■ **Assigned task**
Return each line of the data below exactly, omitting any pictures.

■ **Dataset extract**
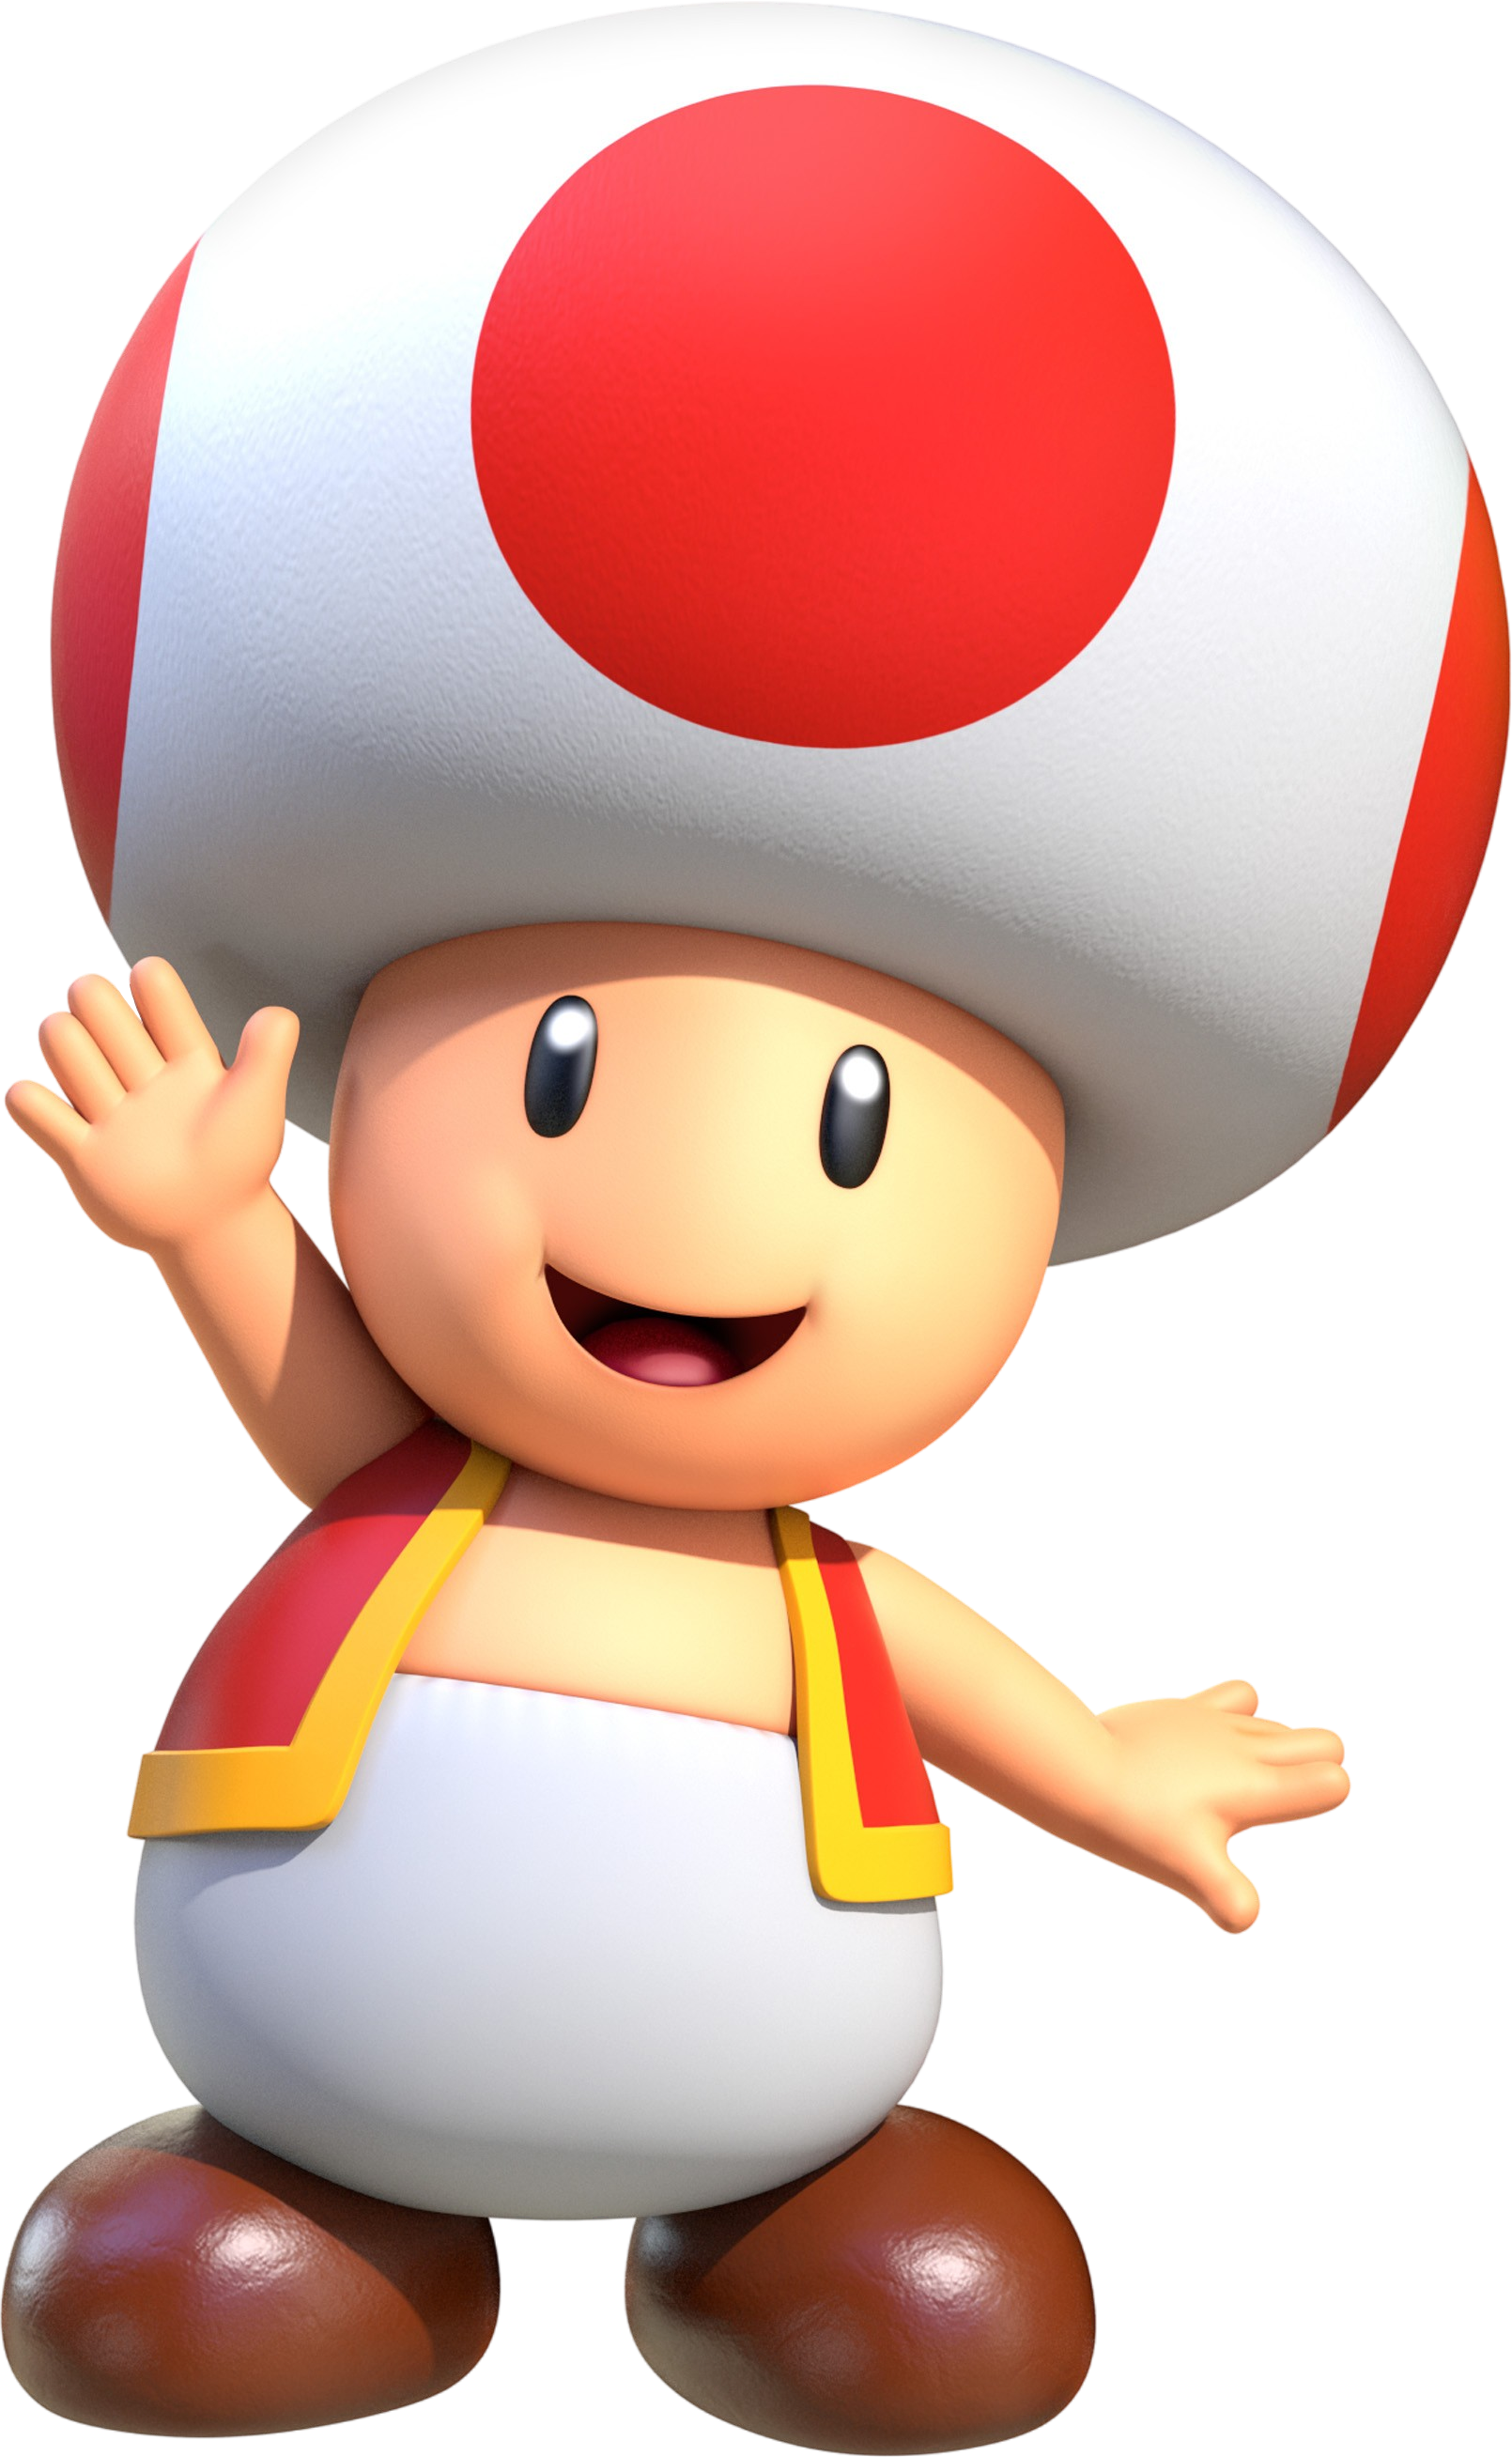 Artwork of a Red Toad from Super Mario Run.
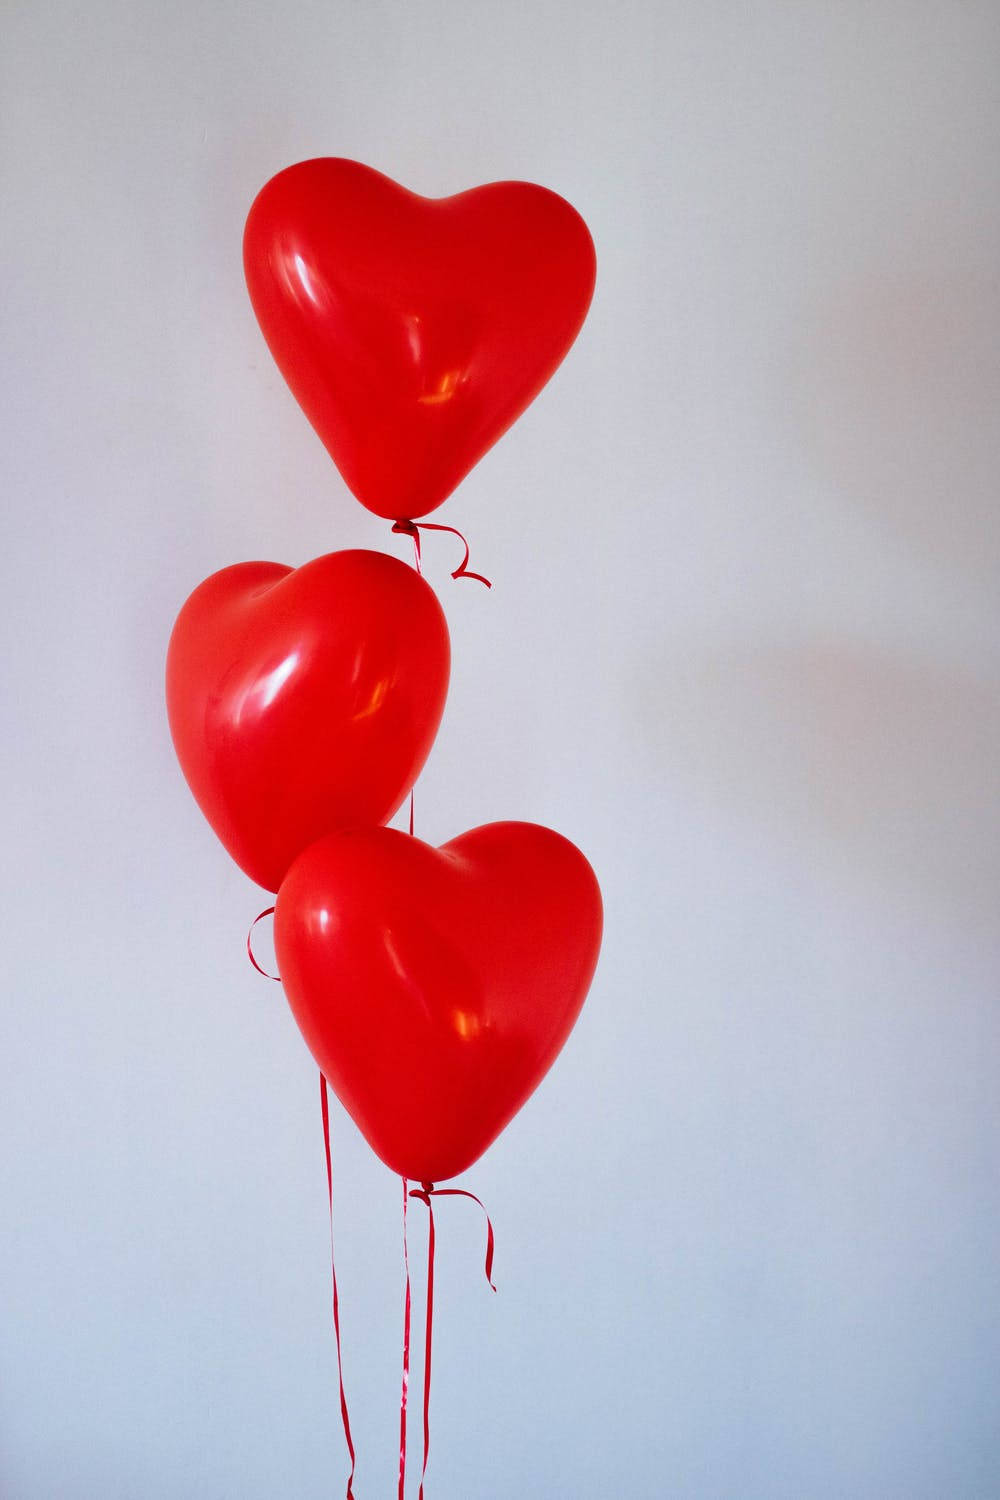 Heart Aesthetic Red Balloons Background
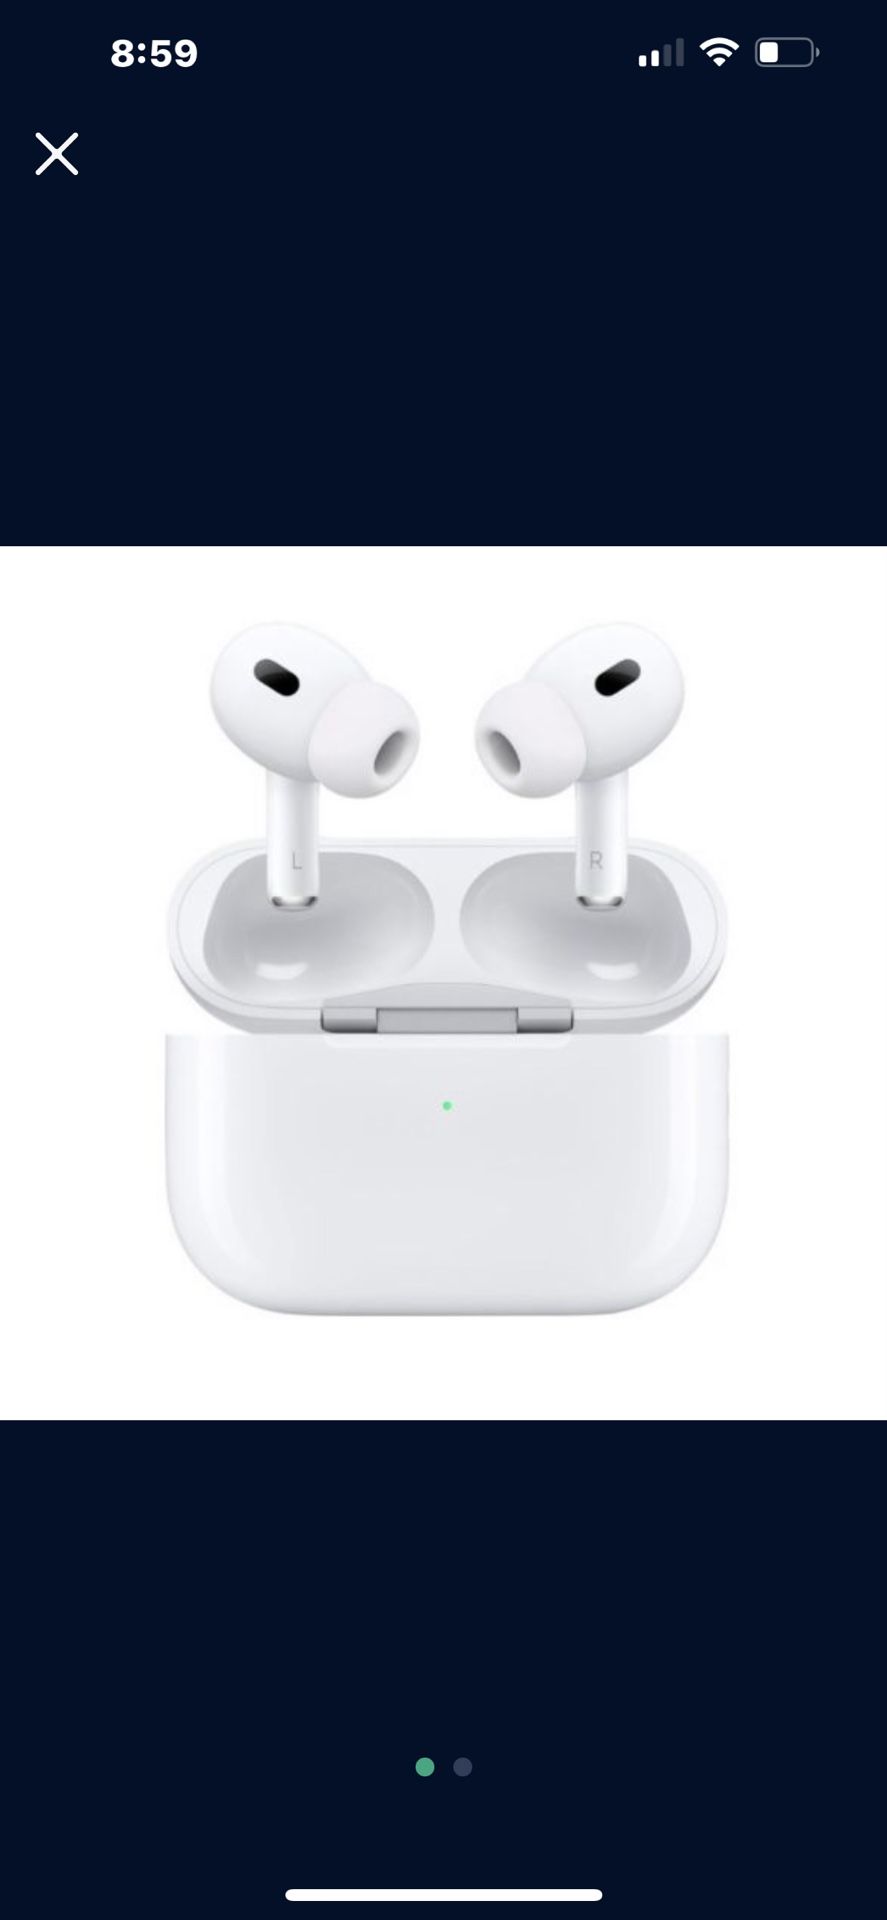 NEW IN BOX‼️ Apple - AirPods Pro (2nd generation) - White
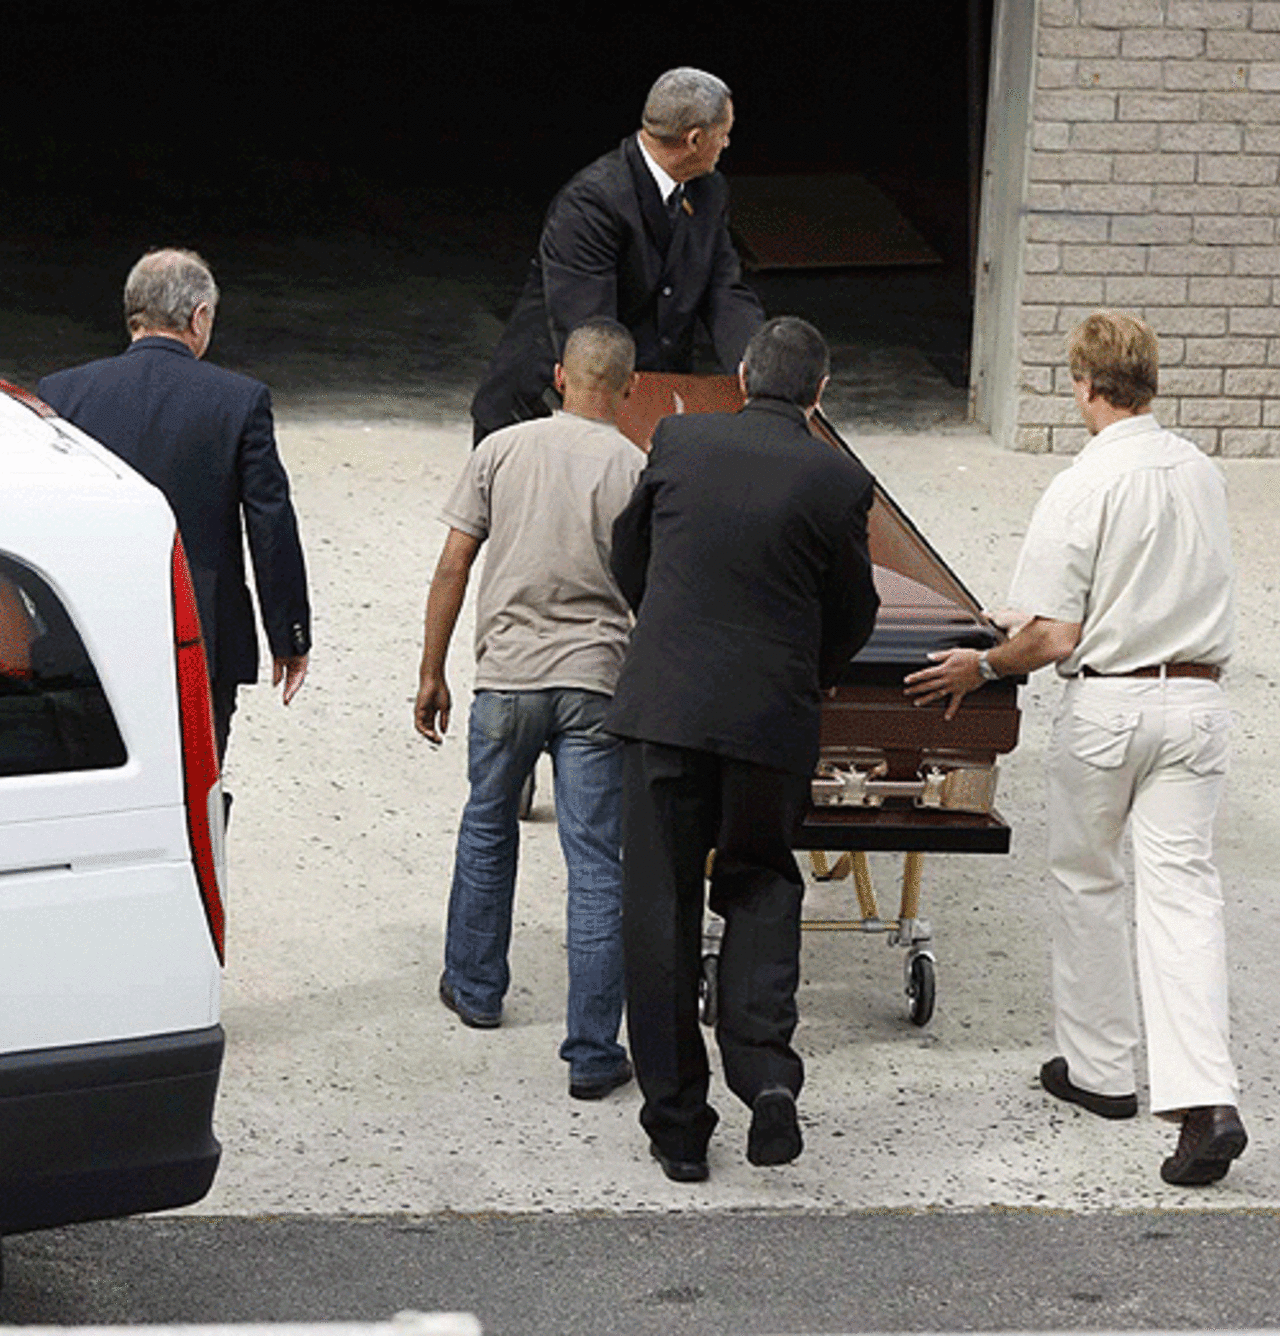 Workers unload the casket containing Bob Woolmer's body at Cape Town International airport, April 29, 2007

■ **Task result**
 Artwork of a Red Toad from Super Mario Run.
 Heart Aesthetic Red Balloons Background
 NEW IN BOX‼️ Apple - AirPods Pro (2nd generation) - White
 Workers unload the casket containing Bob Woolmer's body at Cape Town International airport, April 29, 2007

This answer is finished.